** Opening GIVEN MATERIAL block **
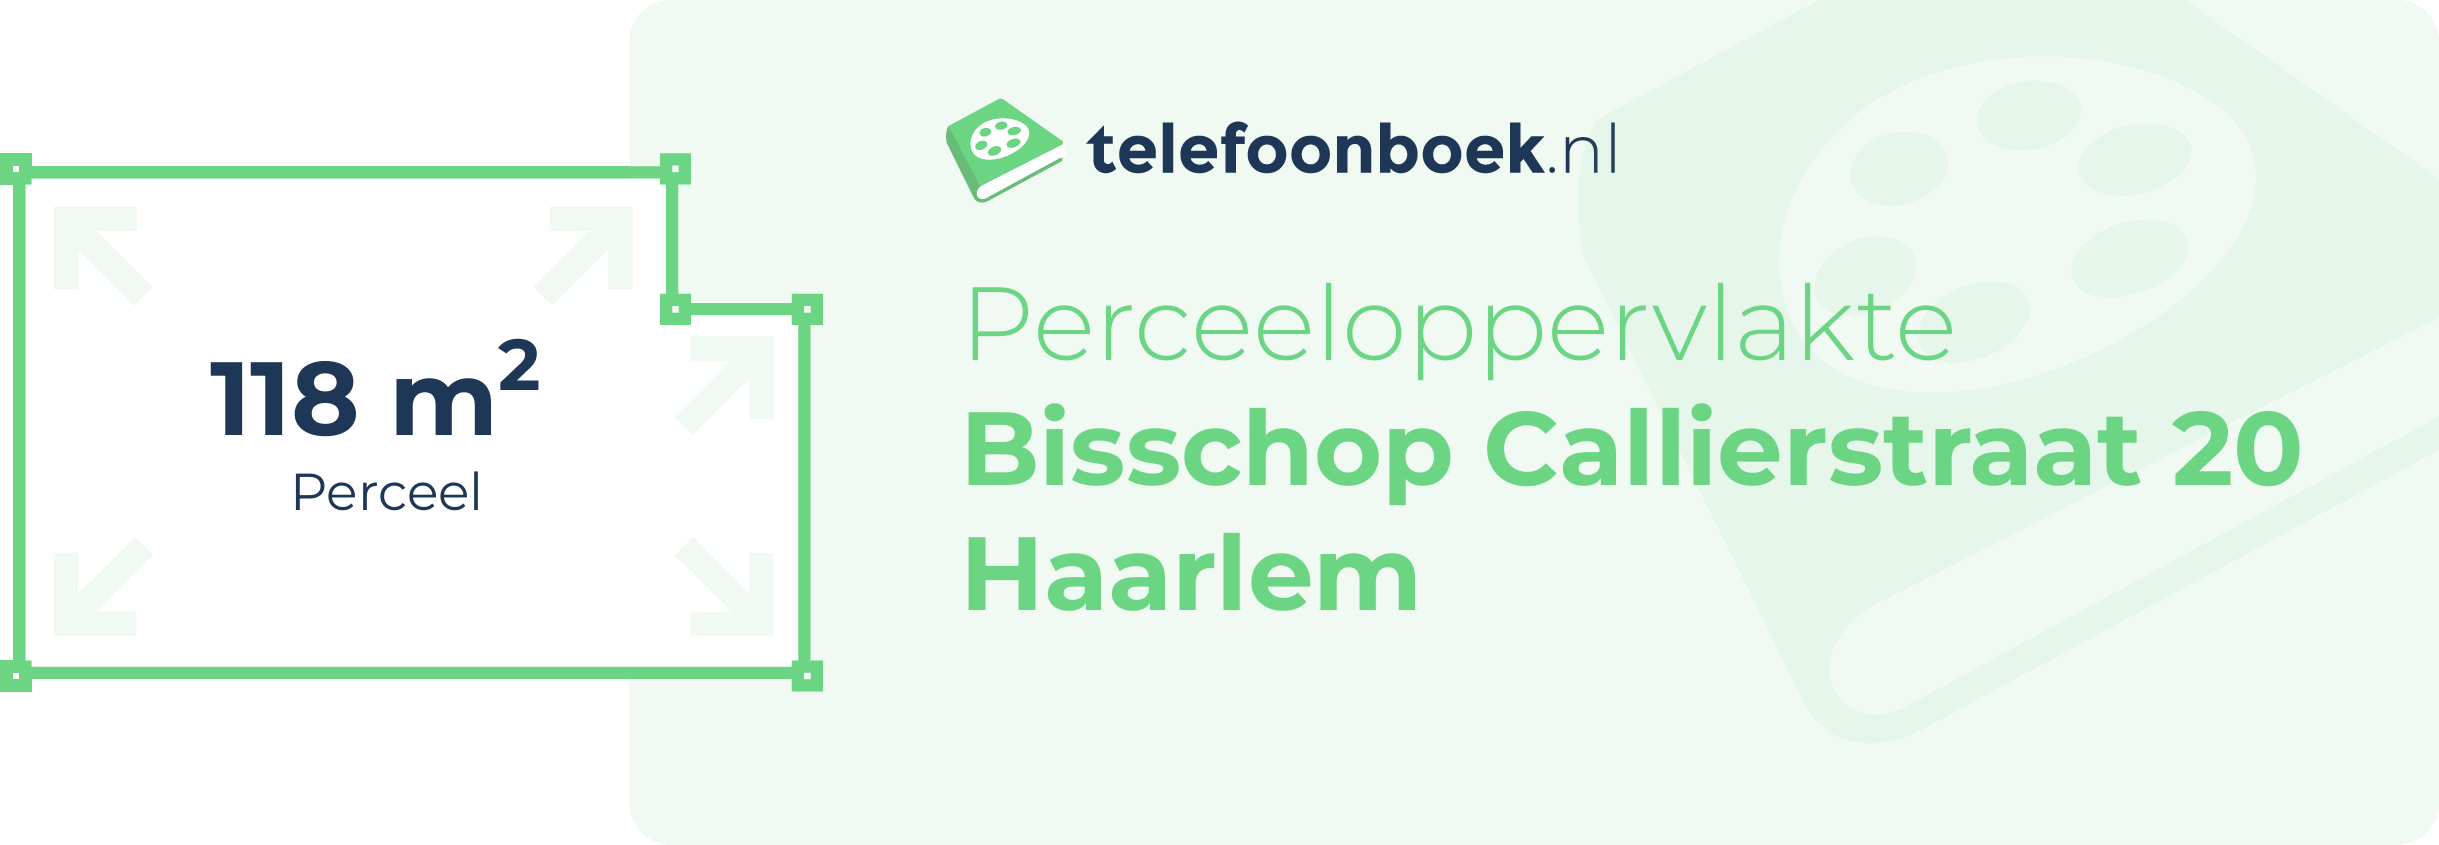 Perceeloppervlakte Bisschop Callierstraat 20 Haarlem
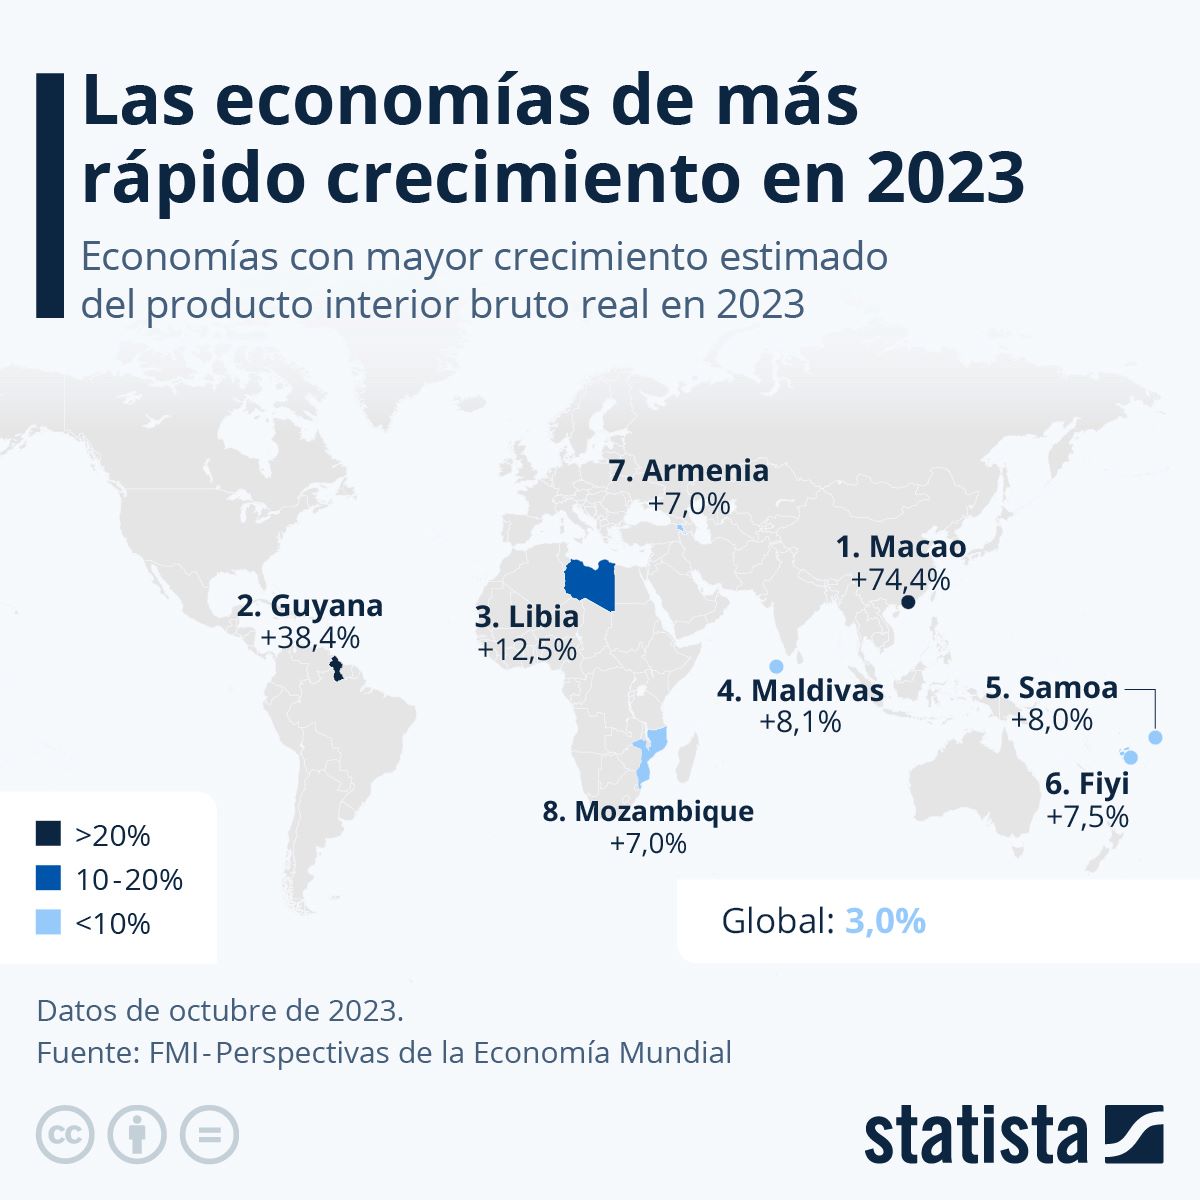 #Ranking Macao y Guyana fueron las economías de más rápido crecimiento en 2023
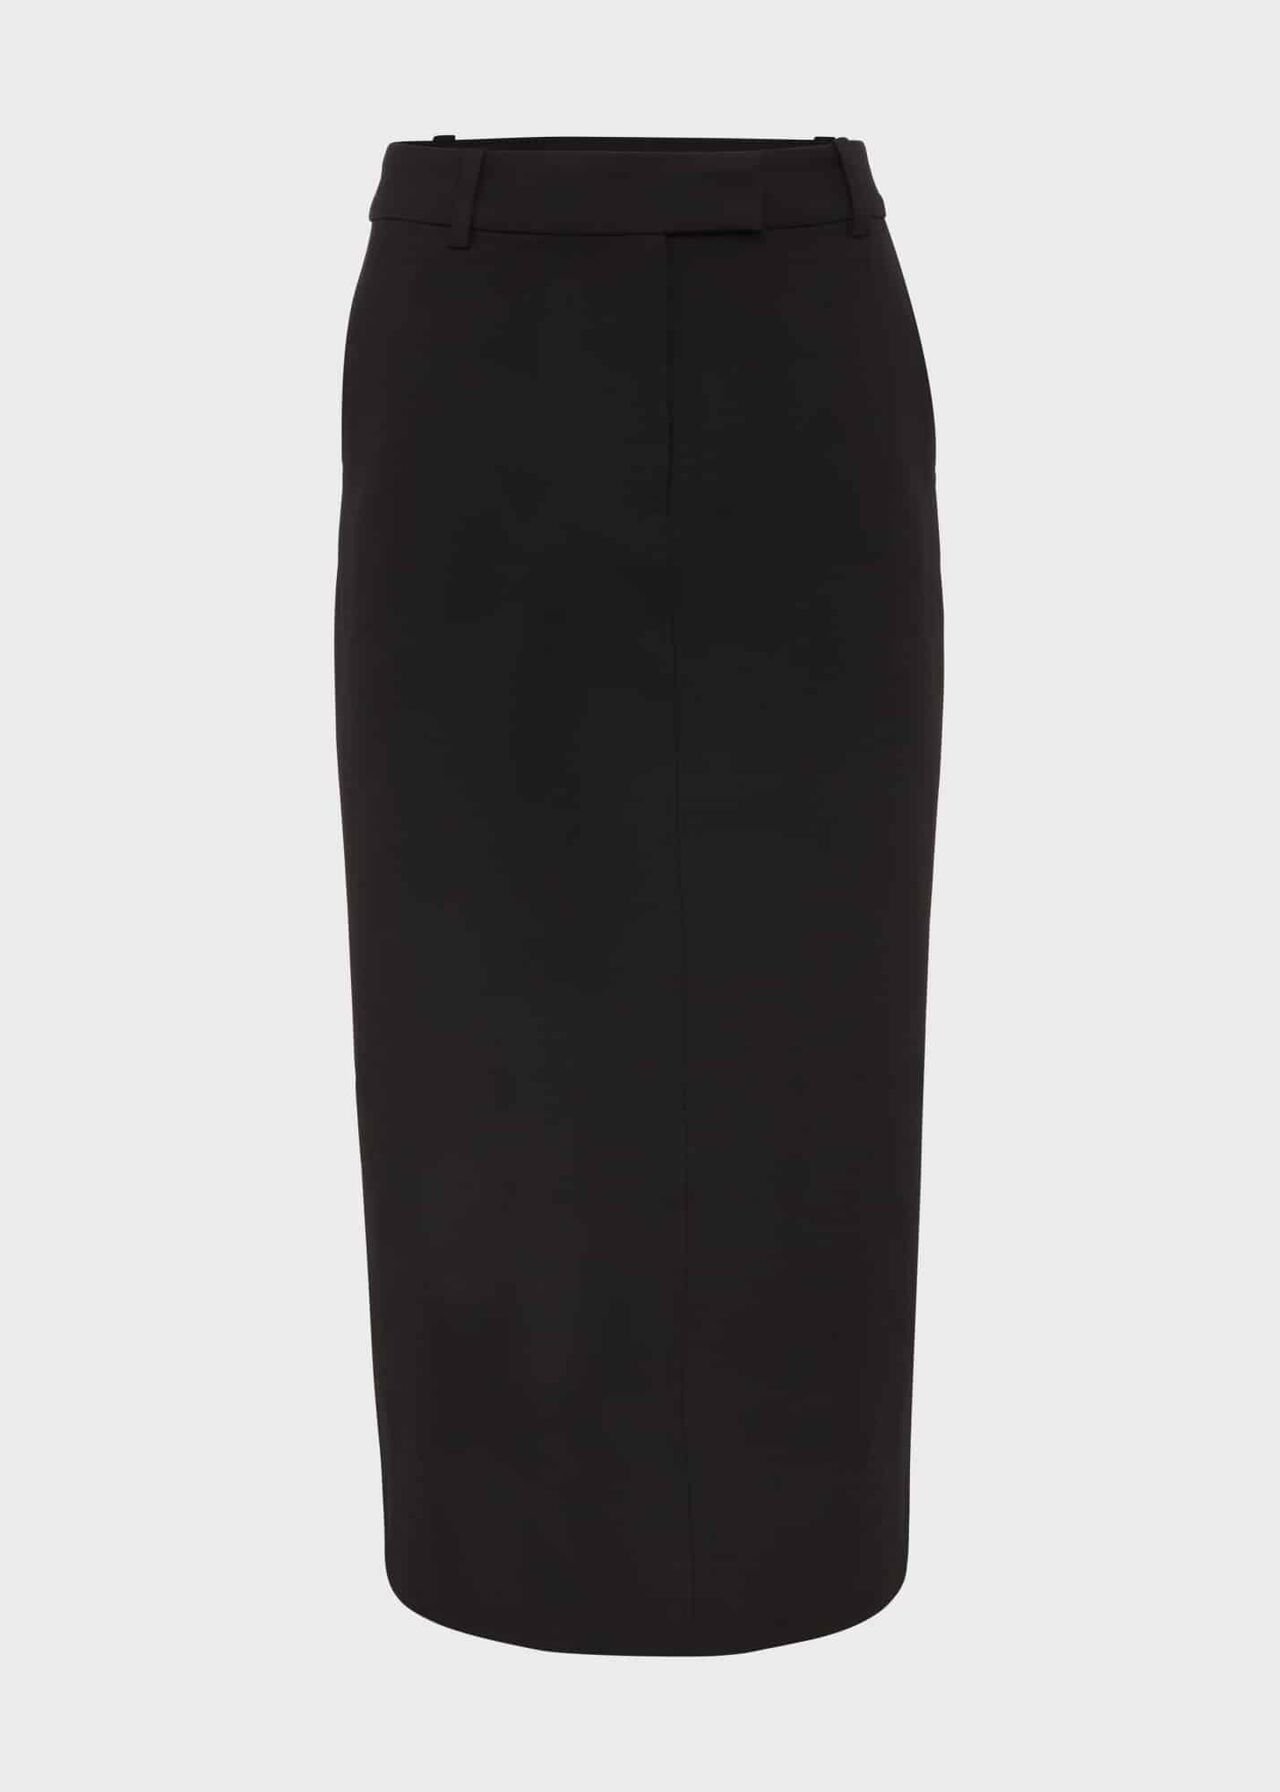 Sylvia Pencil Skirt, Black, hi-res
** Closing GIVEN MATERIAL block **
* _DESCRIPTION OF THE TASK_
The line with "#Ranking Macao y" and each line after it, through the final line of the data, are to be duplicated exactly, with pictures left out and nothing more included.

* _ANSWER SECTION_
 #Ranking Macao y Guyana fueron las economías de más rápido crecimiento en 2023
 Sylvia Pencil Skirt, Black, hi-res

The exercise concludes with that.